The absence of newborn screening, insufficient knowledge among medical professionals, and poor treatment adherence in Congenital Adrenal Hyperplasia (CAH) in Indonesia caused late diagnosis. This study presents two decades of experience in gender assignment and diagnosis of 46,XX CAH.

Methods

A cohort study was carried out at a CAH referral center in Central Java, Indonesia. Data regarding clinical outcomes, molecular analysis, and sociodemographic information were taken from medical records. Participants were grouped based on current gender, i.e., females and males. Gender at diagnosis, age at first presentation, age at first diagnosis, age at present, CAH types, virilization, puberty, birth attendant, and gender at birth decision maker significantly predict current gender identity.

Results

Among 131 individuals with 46,XX CAH, 52 (52/131) with a sex assignment incongruent with their karyotype were included.
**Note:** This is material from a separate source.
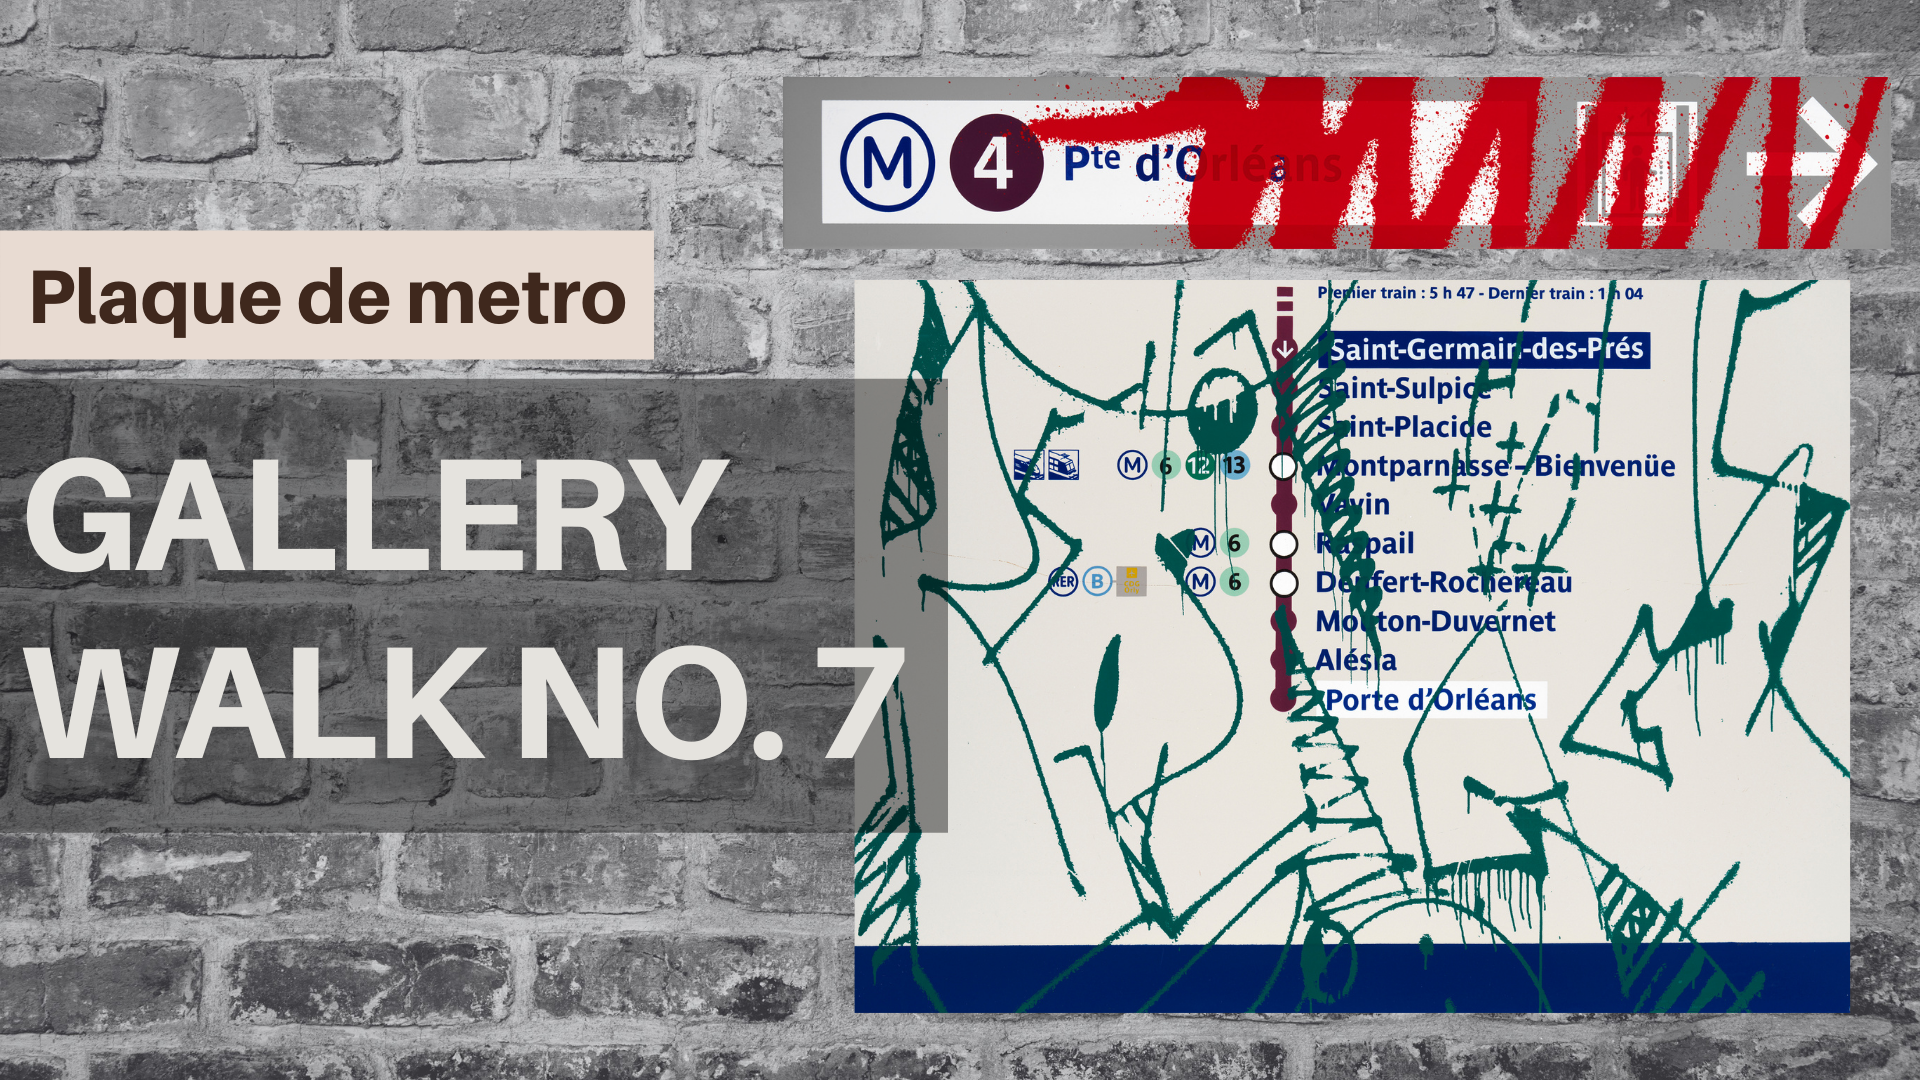 Gallery Walk No.7: PLAQUE DE METRO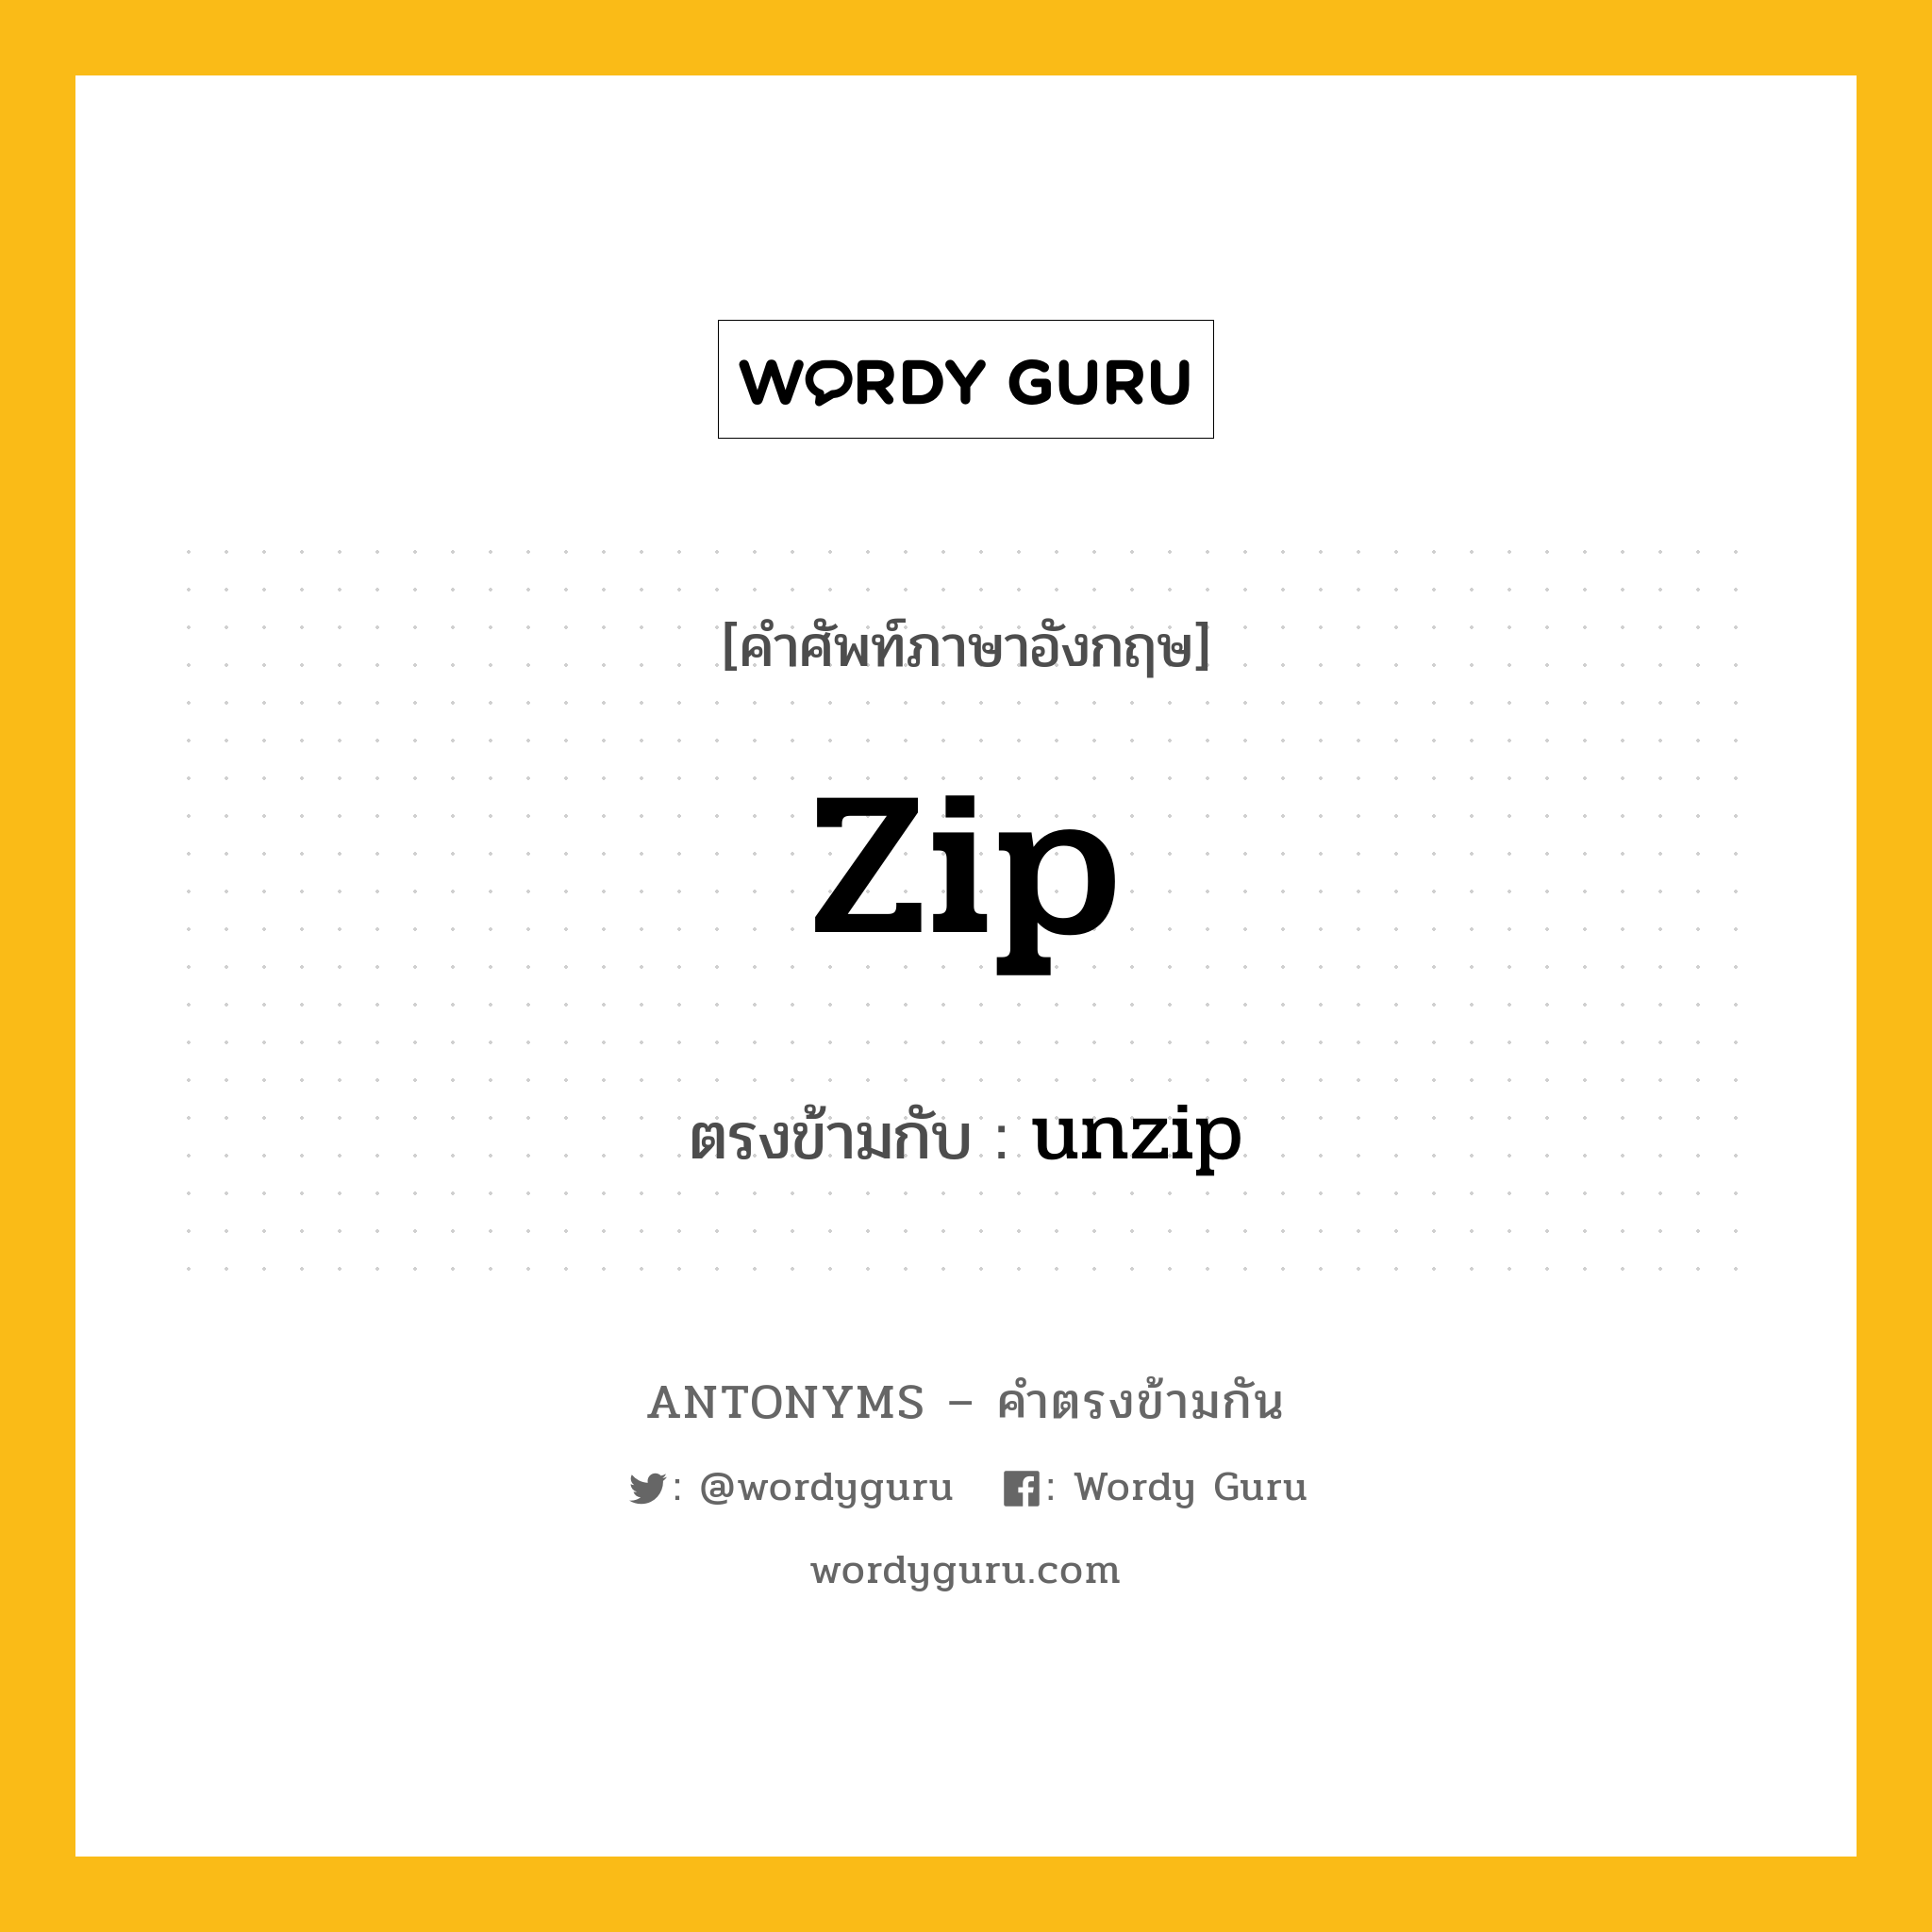 zip เป็นคำตรงข้ามกับคำไหนบ้าง?, คำศัพท์ภาษาอังกฤษ zip ตรงข้ามกับ unzip หมวด unzip

The majority (49/52) had 21-hydroxylase deficiency (21OHD), while three (5.77%) had 11 beta-hydroxylase deficiency (11OHD). Individuals assigned as males at birth (3/52) had severe virilization. A change of gender occurred in 46 of 52 patients (88.46%). Midwives were the most frequent birth attendants (24/51), while pediatricians were the major decision-makers (19/51) of sex assignment.

Conclusion

In Indonesia,many 46,XX individuals with CAH were initially assigned as males due to late diagnosis, primarily caused by low awareness among healthcare professionals and exacerbated by limited medical resources and a lack of clear guidelines on sex assignment. Therefore, targeted education and standardized guidelines involving a multidisciplinary team are crucial to ensure appropriate sex assignment and care.